• _WHAT IS REQUIRED_:
Exactly the lines from the line that has "Olivia von Halle" through the final line below are to be retyped, and the pictures are not.

• _GIVEN DATA_:
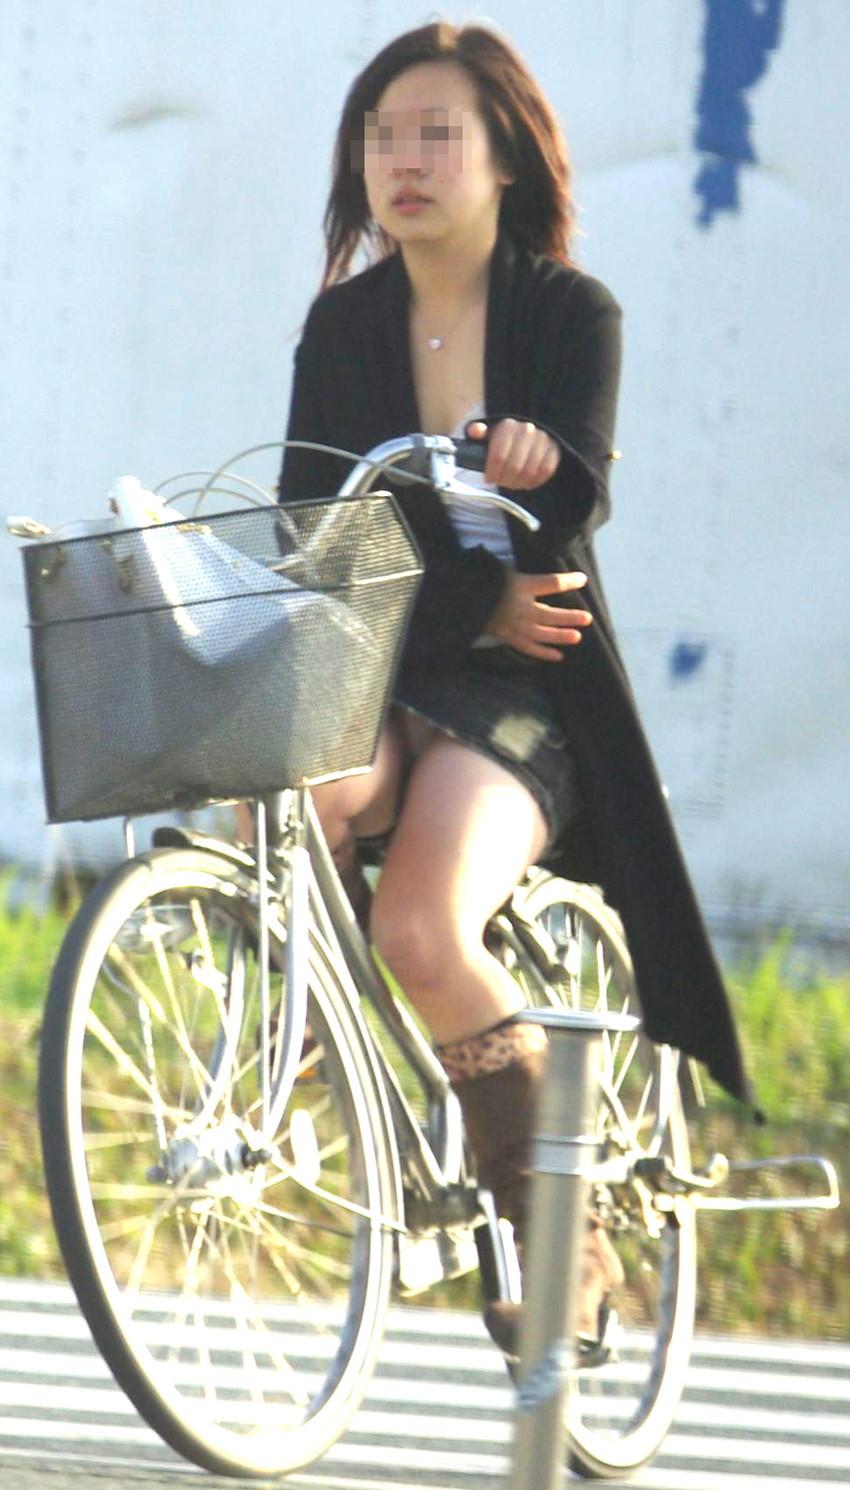 【自転車娘盗撮エロ画像】おいしそうな太ももにパンチラ!自転車娘を激写! 50
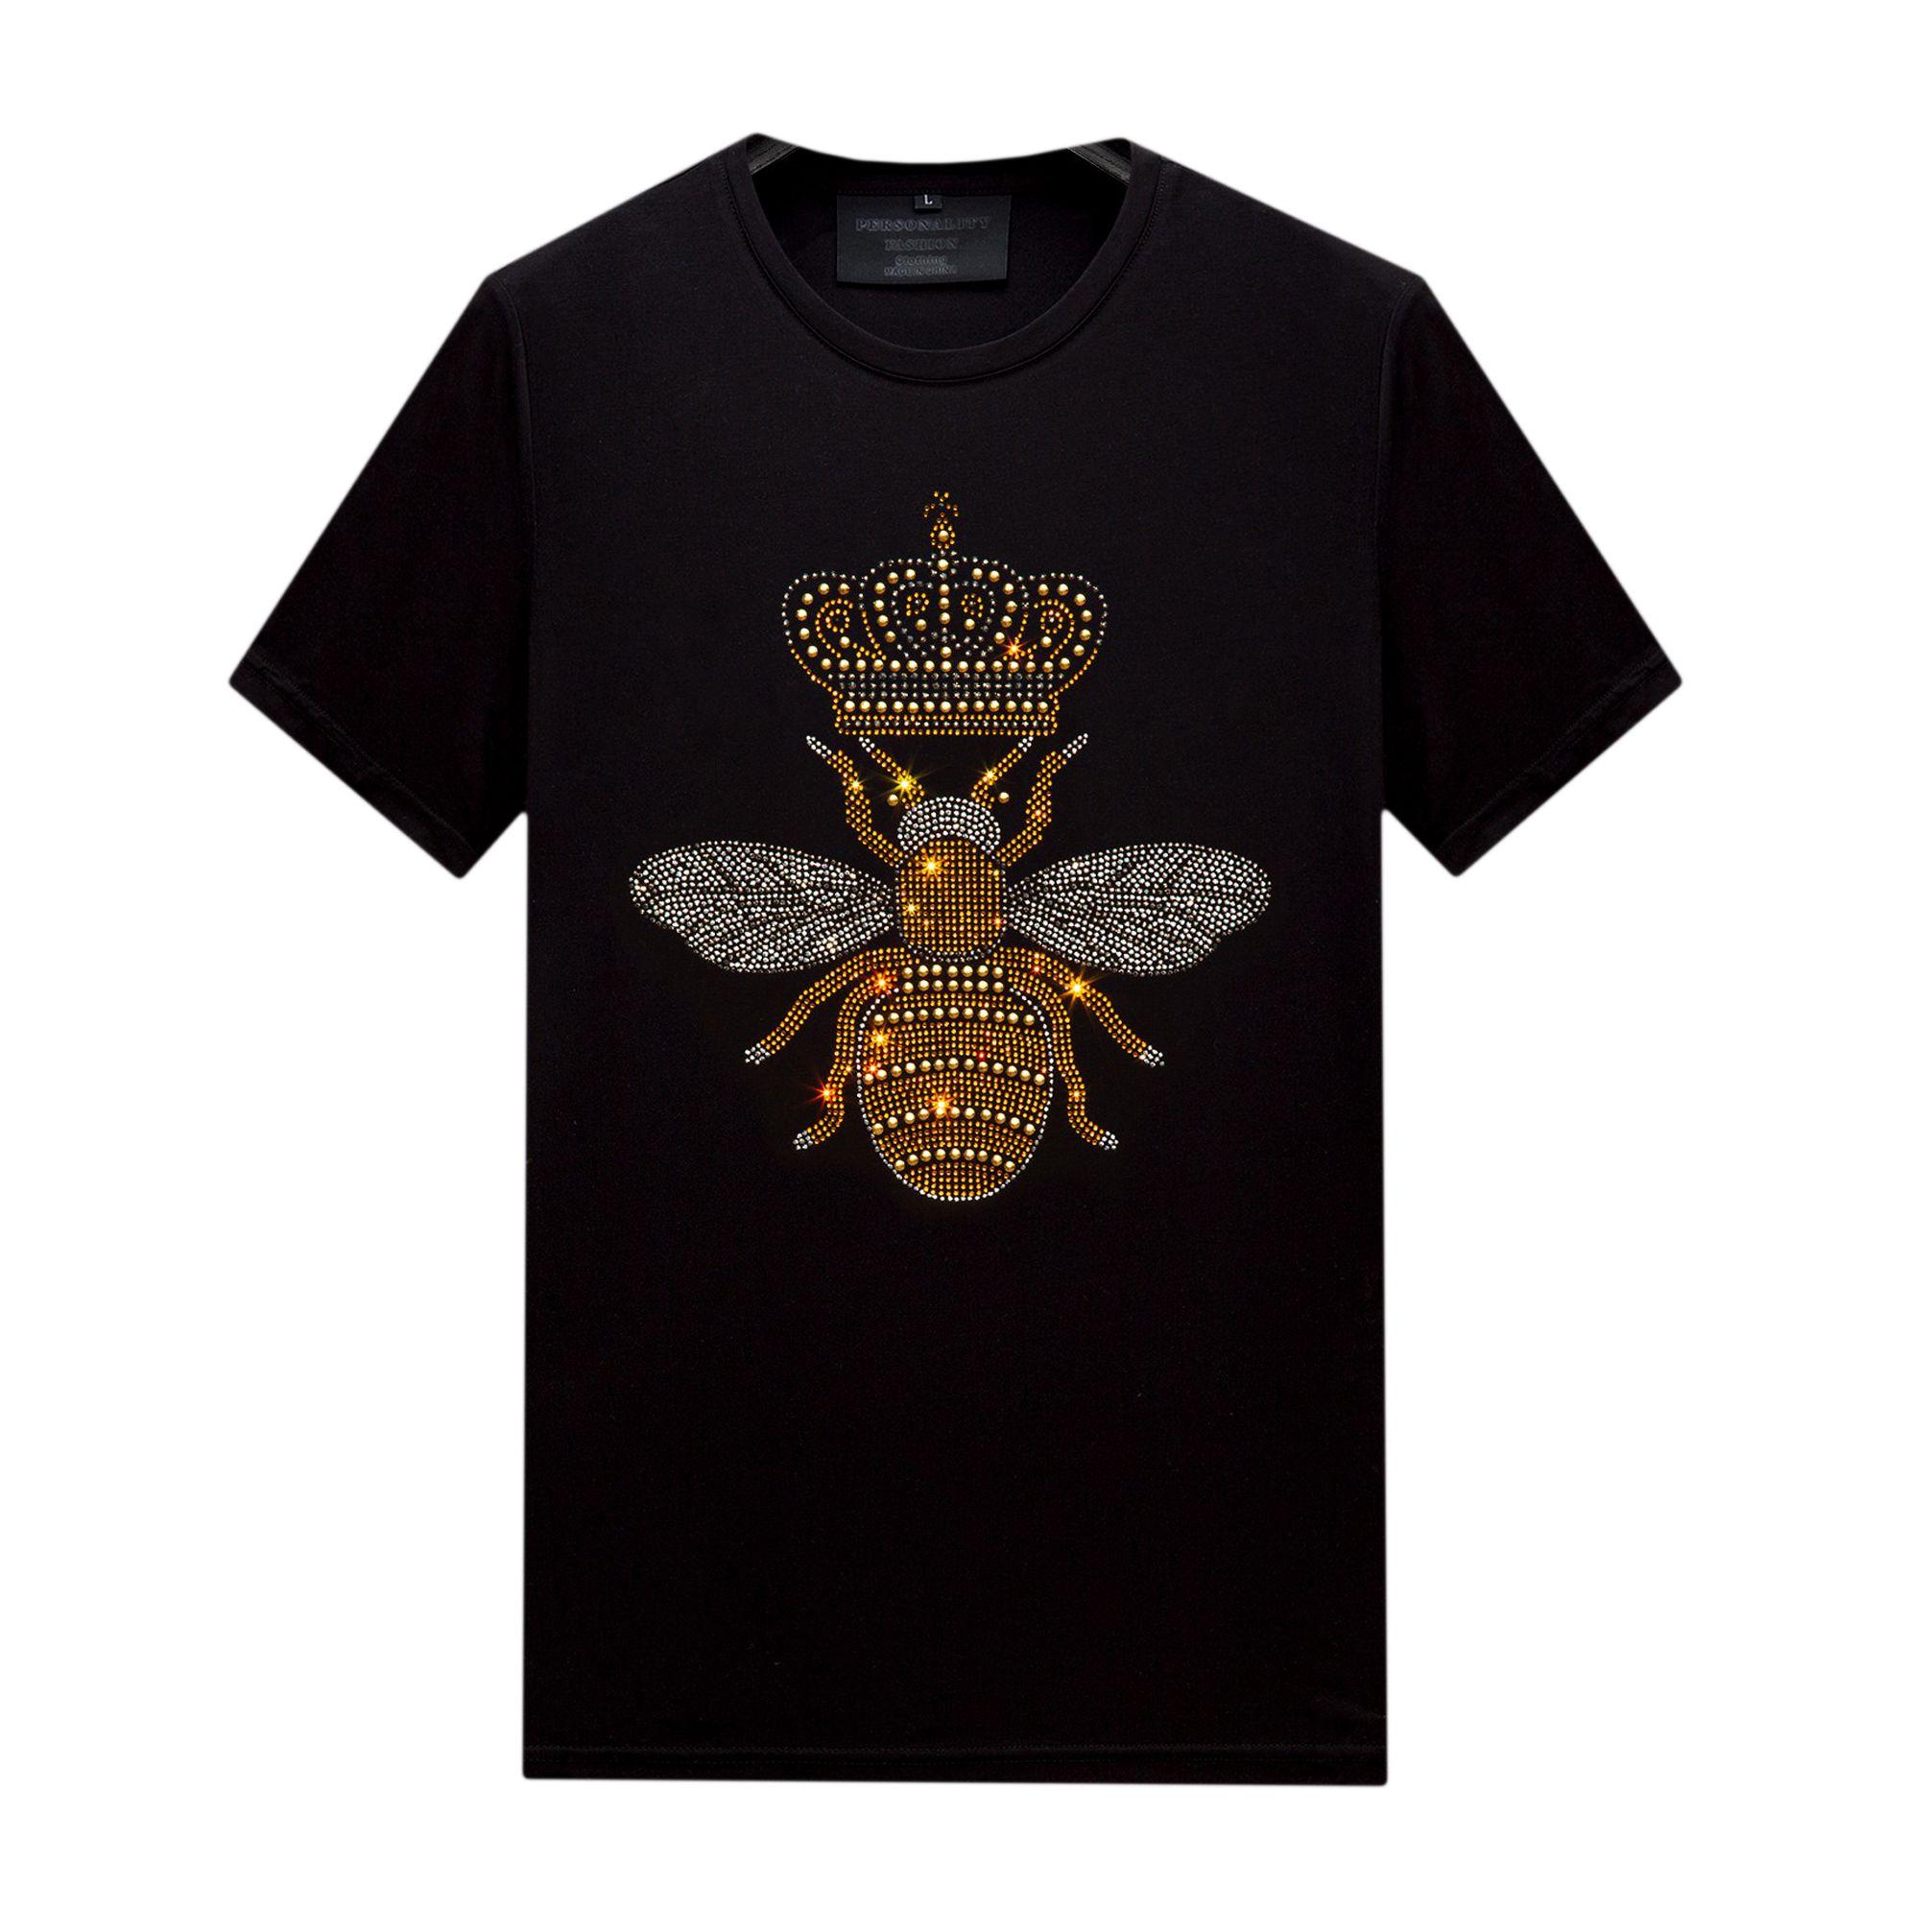 Yaz Kişiselleştirilmiş Erkek Tops Tasarımcı Rhinestone T-Shirt Kısa Kollu Ince Crewneck Casual Gömlek Tee Merserize Pamuk
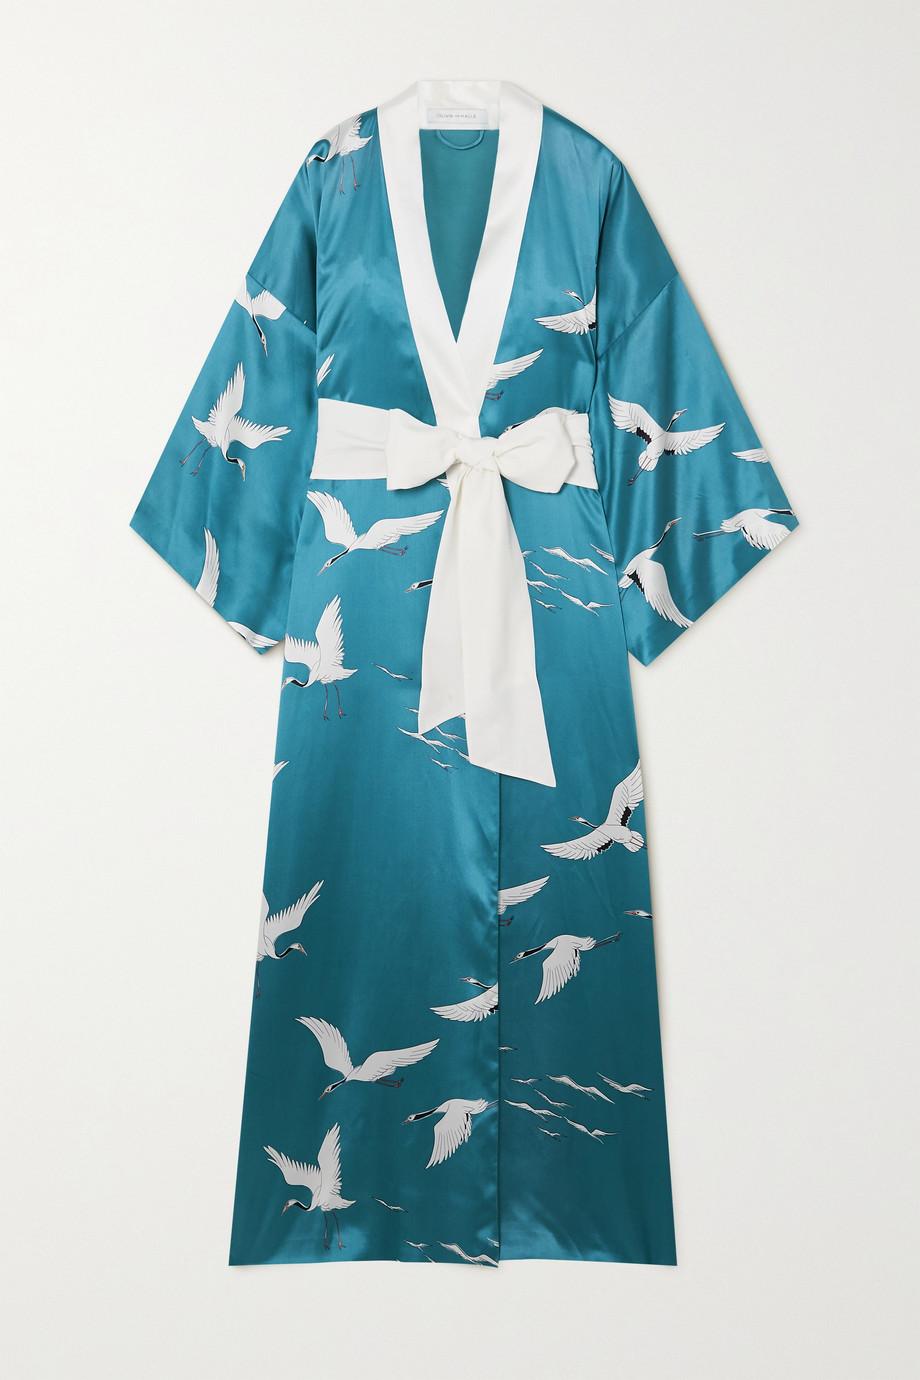 Olivia von Halle Queenie printed silk-satin robe
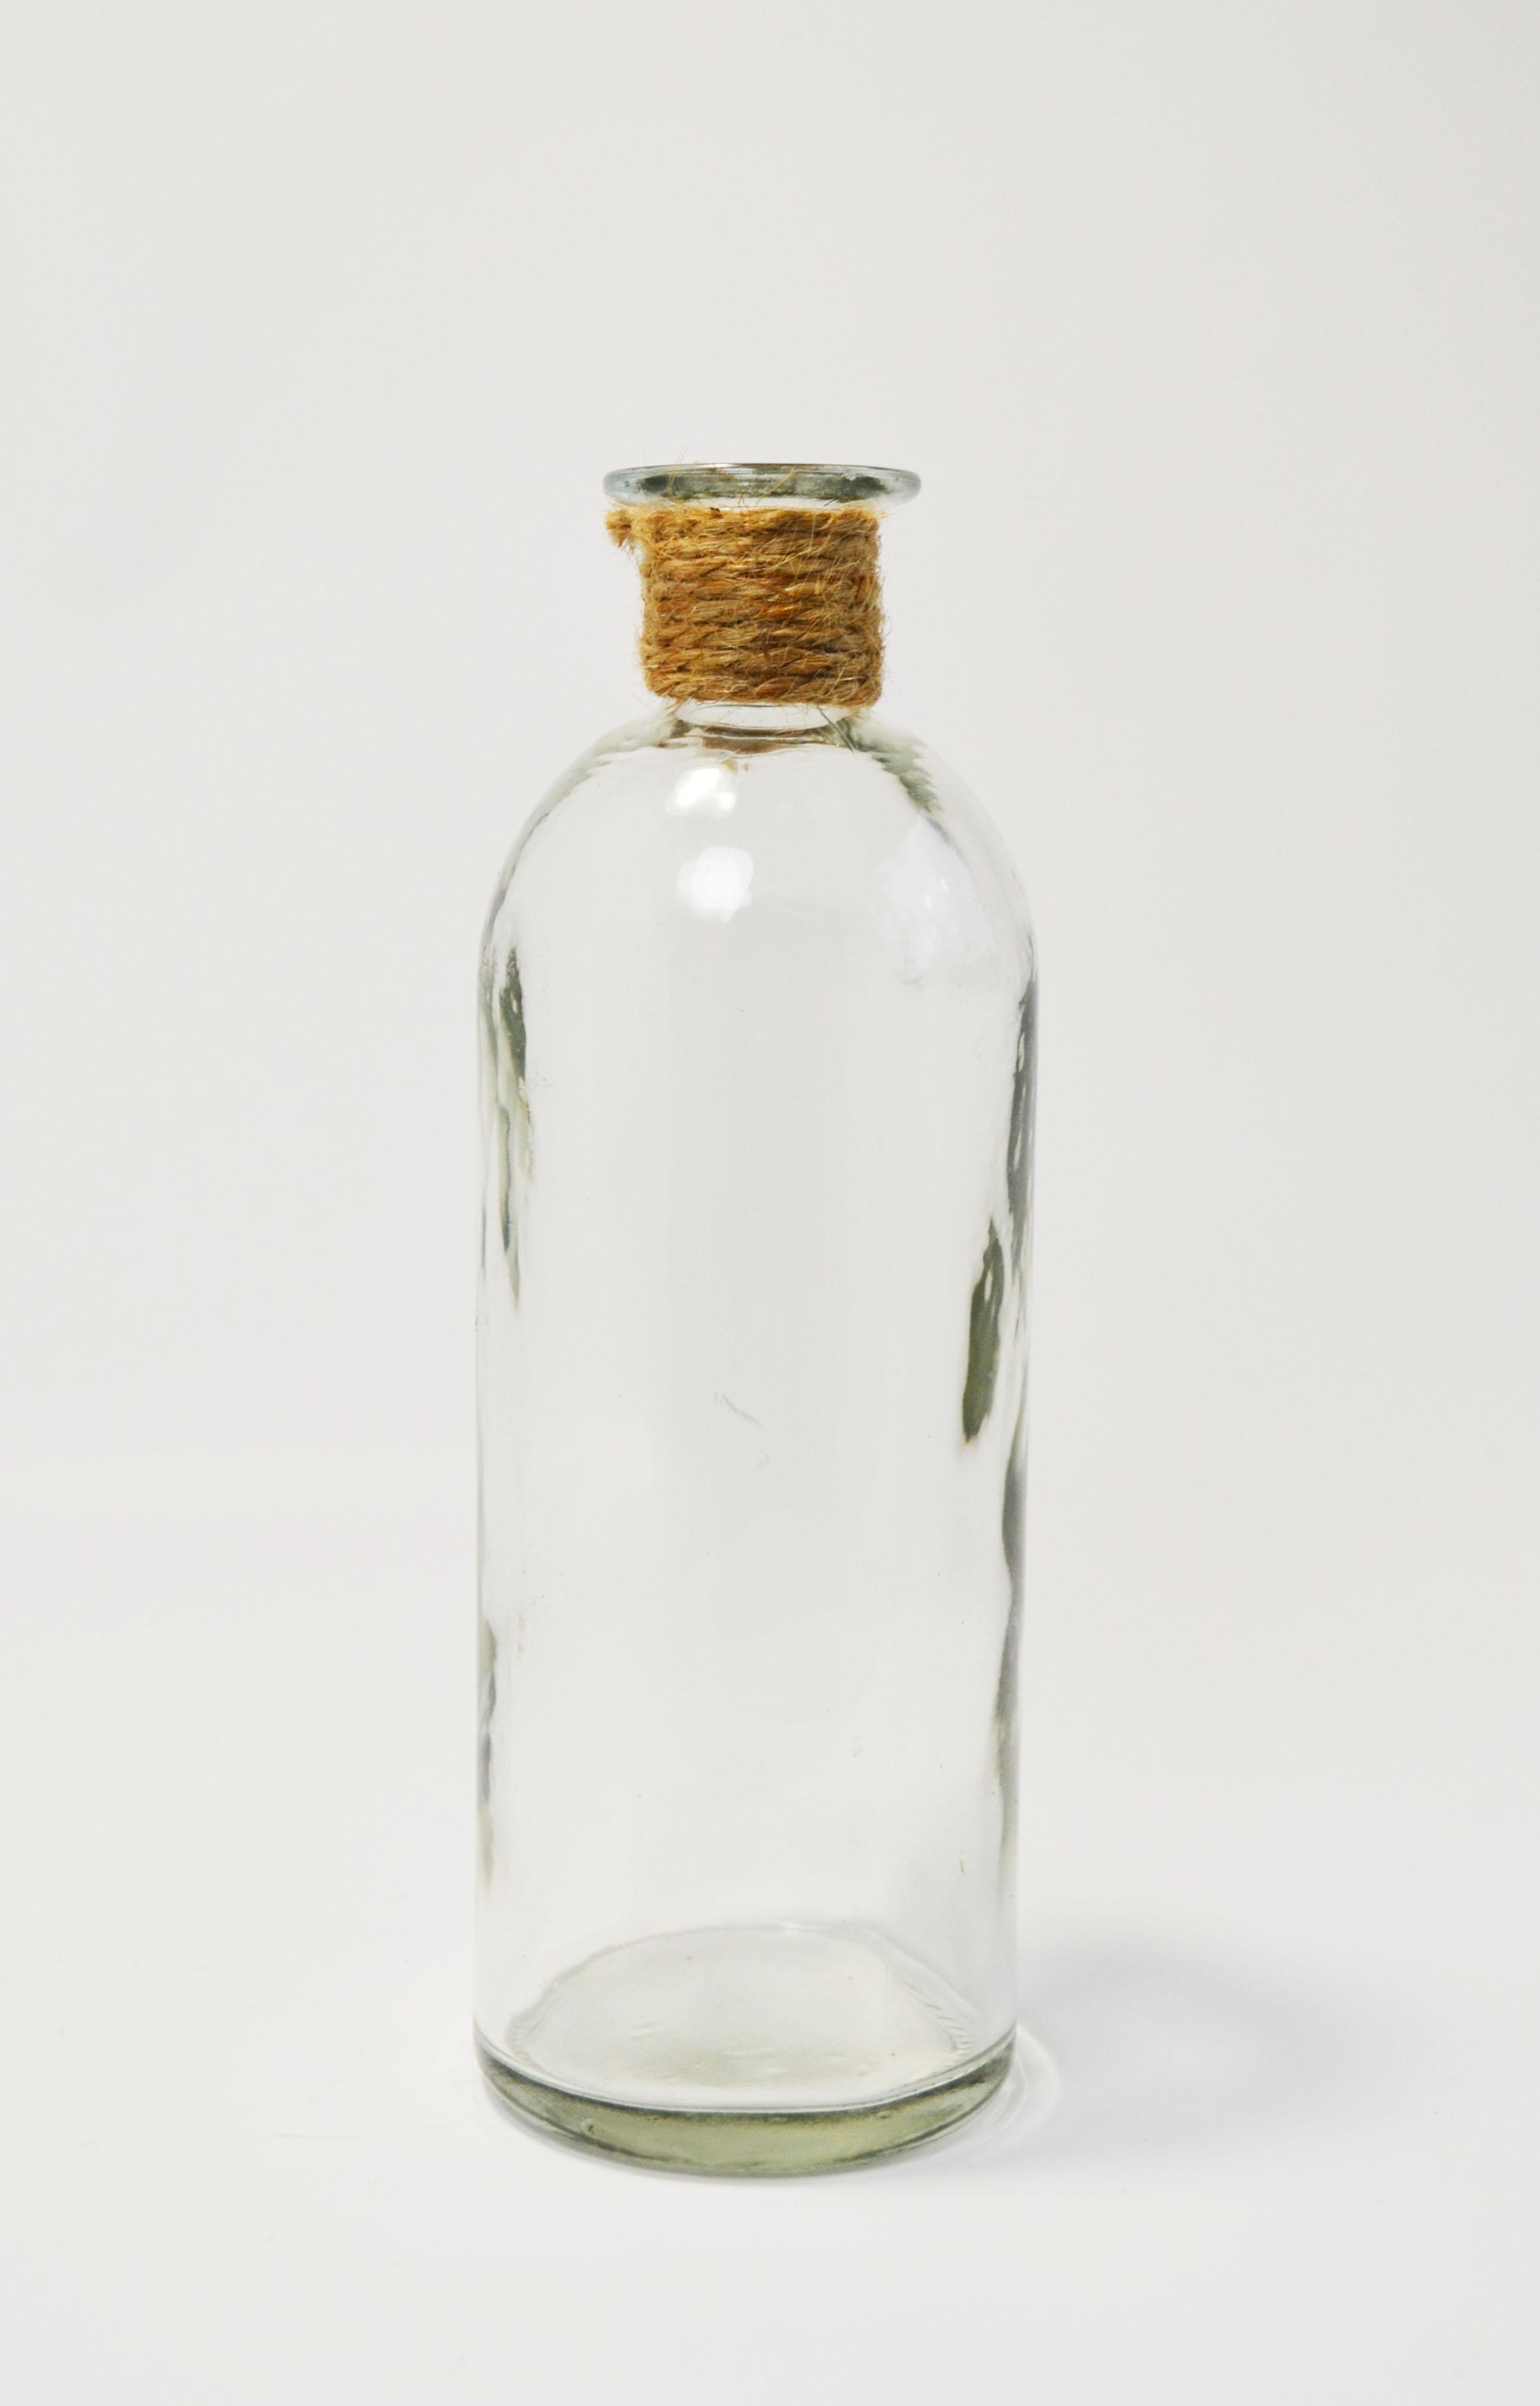 glass + rope vase - medium   Quantity: 3  Price: $4.50

• _EXPECTED ANSWER_:
 Olivia von Halle Queenie printed silk-satin robe
 glass + rope vase - medium   Quantity: 3  Price: $4.50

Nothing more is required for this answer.